What to produce → Both the line containing "Eladó fekete-fehér színű kanapé" and the line containing "HILUX_OM_OM71272S_(ES)" belong to the span. Output exactly that span from the listing below, and nothing outside it.

Records for this task →
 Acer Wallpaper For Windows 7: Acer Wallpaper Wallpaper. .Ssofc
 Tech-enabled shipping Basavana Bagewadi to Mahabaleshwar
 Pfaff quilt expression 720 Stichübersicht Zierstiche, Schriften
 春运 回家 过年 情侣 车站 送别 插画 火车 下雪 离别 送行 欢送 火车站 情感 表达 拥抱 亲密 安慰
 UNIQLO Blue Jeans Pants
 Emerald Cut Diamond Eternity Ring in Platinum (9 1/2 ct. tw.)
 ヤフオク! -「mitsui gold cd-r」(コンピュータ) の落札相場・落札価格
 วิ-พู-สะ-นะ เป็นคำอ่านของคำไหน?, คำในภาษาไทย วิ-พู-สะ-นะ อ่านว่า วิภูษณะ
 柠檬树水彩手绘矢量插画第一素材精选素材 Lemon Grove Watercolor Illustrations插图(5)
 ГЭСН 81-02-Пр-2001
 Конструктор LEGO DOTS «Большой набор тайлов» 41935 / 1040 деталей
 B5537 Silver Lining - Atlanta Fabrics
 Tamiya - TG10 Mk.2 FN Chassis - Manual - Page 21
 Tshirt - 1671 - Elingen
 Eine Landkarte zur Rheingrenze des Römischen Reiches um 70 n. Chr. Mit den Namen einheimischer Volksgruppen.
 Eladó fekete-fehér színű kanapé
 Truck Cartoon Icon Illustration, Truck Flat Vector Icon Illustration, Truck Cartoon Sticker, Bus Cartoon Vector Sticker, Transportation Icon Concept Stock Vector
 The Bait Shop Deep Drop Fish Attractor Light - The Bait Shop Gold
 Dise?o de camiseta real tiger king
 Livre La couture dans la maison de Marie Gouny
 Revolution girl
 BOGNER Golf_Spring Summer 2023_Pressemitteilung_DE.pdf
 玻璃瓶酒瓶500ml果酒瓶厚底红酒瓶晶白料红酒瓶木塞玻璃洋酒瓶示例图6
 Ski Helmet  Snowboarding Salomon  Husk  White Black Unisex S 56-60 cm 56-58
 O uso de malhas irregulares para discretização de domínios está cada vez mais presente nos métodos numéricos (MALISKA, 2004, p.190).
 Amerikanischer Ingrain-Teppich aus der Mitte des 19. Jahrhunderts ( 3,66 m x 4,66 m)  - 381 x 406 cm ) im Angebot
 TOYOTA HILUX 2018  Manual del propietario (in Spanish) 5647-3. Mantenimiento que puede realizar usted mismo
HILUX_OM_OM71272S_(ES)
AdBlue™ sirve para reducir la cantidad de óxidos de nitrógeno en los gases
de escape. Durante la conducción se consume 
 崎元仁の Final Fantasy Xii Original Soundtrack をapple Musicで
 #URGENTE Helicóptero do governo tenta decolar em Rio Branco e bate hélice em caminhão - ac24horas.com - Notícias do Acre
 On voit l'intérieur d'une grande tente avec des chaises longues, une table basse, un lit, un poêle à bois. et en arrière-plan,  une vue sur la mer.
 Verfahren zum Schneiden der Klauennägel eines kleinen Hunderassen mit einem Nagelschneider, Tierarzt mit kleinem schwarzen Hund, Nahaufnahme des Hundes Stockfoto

Reply →
 Eladó fekete-fehér színű kanapé
 Truck Cartoon Icon Illustration, Truck Flat Vector Icon Illustration, Truck Cartoon Sticker, Bus Cartoon Vector Sticker, Transportation Icon Concept Stock Vector
 The Bait Shop Deep Drop Fish Attractor Light - The Bait Shop Gold
 Dise?o de camiseta real tiger king
 Livre La couture dans la maison de Marie Gouny
 Revolution girl
 BOGNER Golf_Spring Summer 2023_Pressemitteilung_DE.pdf
 玻璃瓶酒瓶500ml果酒瓶厚底红酒瓶晶白料红酒瓶木塞玻璃洋酒瓶示例图6
 Ski Helmet  Snowboarding Salomon  Husk  White Black Unisex S 56-60 cm 56-58
 O uso de malhas irregulares para discretização de domínios está cada vez mais presente nos métodos numéricos (MALISKA, 2004, p.190).
 Amerikanischer Ingrain-Teppich aus der Mitte des 19. Jahrhunderts ( 3,66 m x 4,66 m)  - 381 x 406 cm ) im Angebot
 TOYOTA HILUX 2018  Manual del propietario (in Spanish) 5647-3. Mantenimiento que puede realizar usted mismo
HILUX_OM_OM71272S_(ES)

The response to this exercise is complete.